Common examiner feedback (and how to fix it)

Did not gather sufficient information to make an adequate assessment of the patient's condition

Fix: Use a consistent framework for every history. After covering the presenting complaint, systematically move through PMH, drug history, social history, family history, and ICE. Keep a mental checklist.

Did not identify the patient's problems and/or did not develop a management plan adequately

Fix: Reserve the final 2 minutes to summarise your findings, share your working diagnosis with the patient, and outline your investigation and management plan including safety netting.

Common mistakes in this station

  1. Not recognising the triad. Intermittent colicky pain with drawing up of legs, bilious vomiting, and red-currant jelly stools in a 9-month-old is intussusception. Candidates who diagnose gastroenteritis or colic miss a surgical emergency.
  2. Attempting to manage in primary care. Intussusception needs USS confirmation and enema reduction or surgery. Candidates who take a prolonged history, examine, and arrange outpatient investigations delay life-saving treatment.
  3. Not recognising red-currant jelly stools as a late sign. By the time blood and mucus appear, there is mucosal ischaemia. This increases the urgency. Candidates who do not communicate this urgency may allow bowel necrosis.

Resitting PLAB 2?

If you have previously struggled with history taking stations, focus on building a consistent systematic framework that you apply to every case. Practise structuring your history into clear phases (presenting complaint, systems review, PMH, social, ICE) so that even under pressure, you cover all domains. Many resitters lose marks not on knowledge but on organisation and time management.

Example opening

Good morning/afternoon, my name is Dr [Name], I'm one of the doctors here today. Could I confirm your name and date of birth please? Thank you. So, what's brought you in to see me today?

Frequently asked questions

How do I approach the consultation in this intussusception station?

Intussusception is a paediatric surgical emergency. The candidate must recognise the classic triad (intermittent colicky pain, vomiting, and red-currant jelly stools) in an infant and arrange urgent hospital assessment. Ayo is 9 months old, brought by his mother Sarah with 6 hours of intermittent severe pain and red-currant jelly stools.

What does a strong performance look like to the examiner in this station?

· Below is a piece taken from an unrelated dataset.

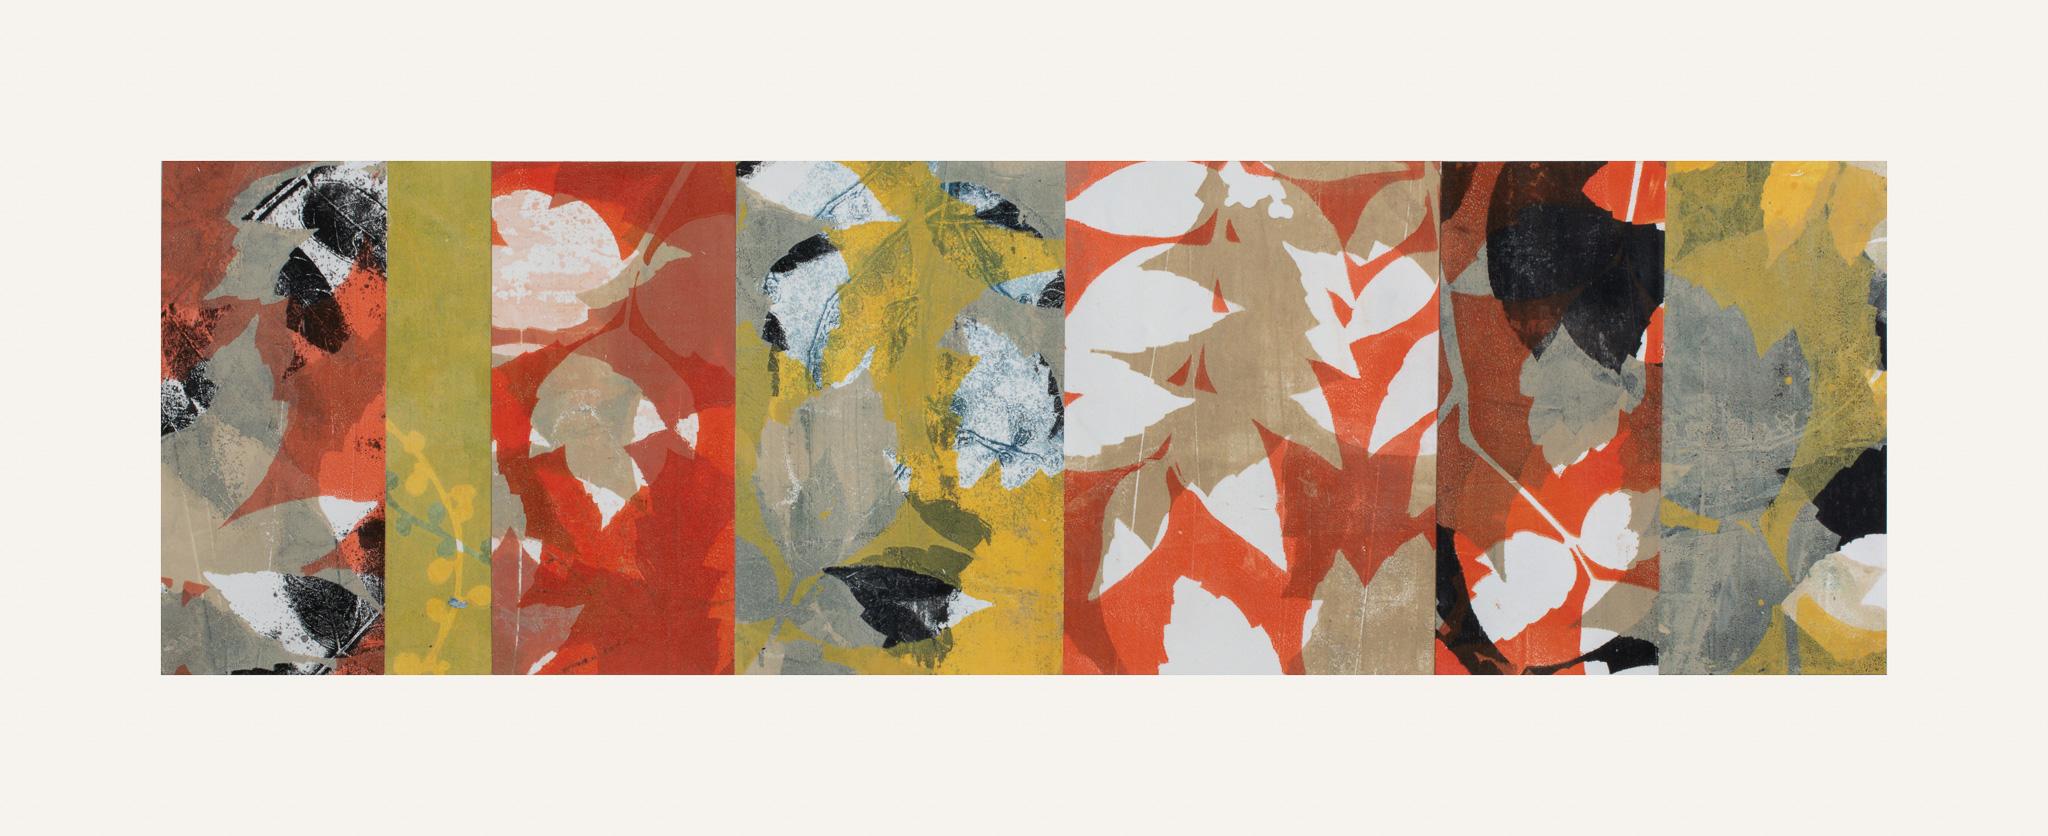 "Autumn Haze 4, 11"" x 30,"" Monoprint collage"

Strong performances show: Triad recognised (colicky pain, vomiting, red-currant jelly stools). Age and demographics fit. Complications assessed (lethargy, dehydration, distension). Preceding viral illness asked. Weak performances: Not recognising the triad. Diagnosing gastroenteritis. Not assessing for shock.

What is the biggest pitfall in this intussusception station?

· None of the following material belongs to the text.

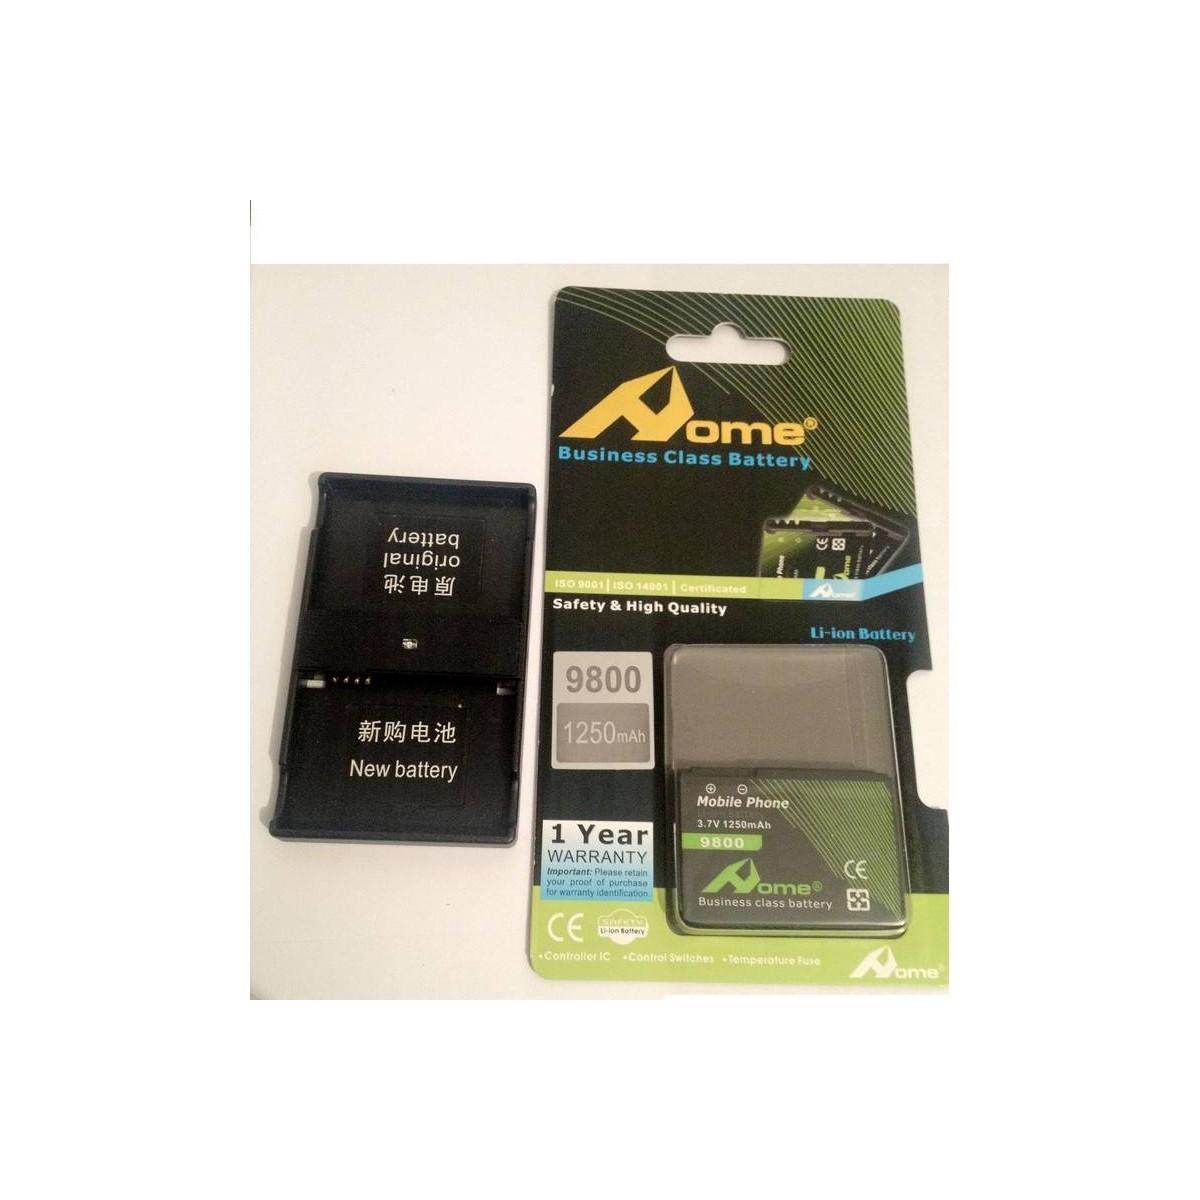 Bateria para BlackBerry Torch 9800, Curve 8910 + adaptador

Not recognising the triad. Intermittent colicky pain with drawing up of legs, bilious vomiting, and red-currant jelly stools in a 9-month-old is intussusception. Candidates who diagnose gastroenteritis or colic miss a surgical emergency.

How should I prepare for intussusception if I have never seen it in practice?

This station rewards process over personal experience. The skill being assessed: Peak age recognition: 6 to 18 months, male predominance. Use the domain breakdown on this page to target your preparation, then practise the station aloud so your structure survives exam pressure.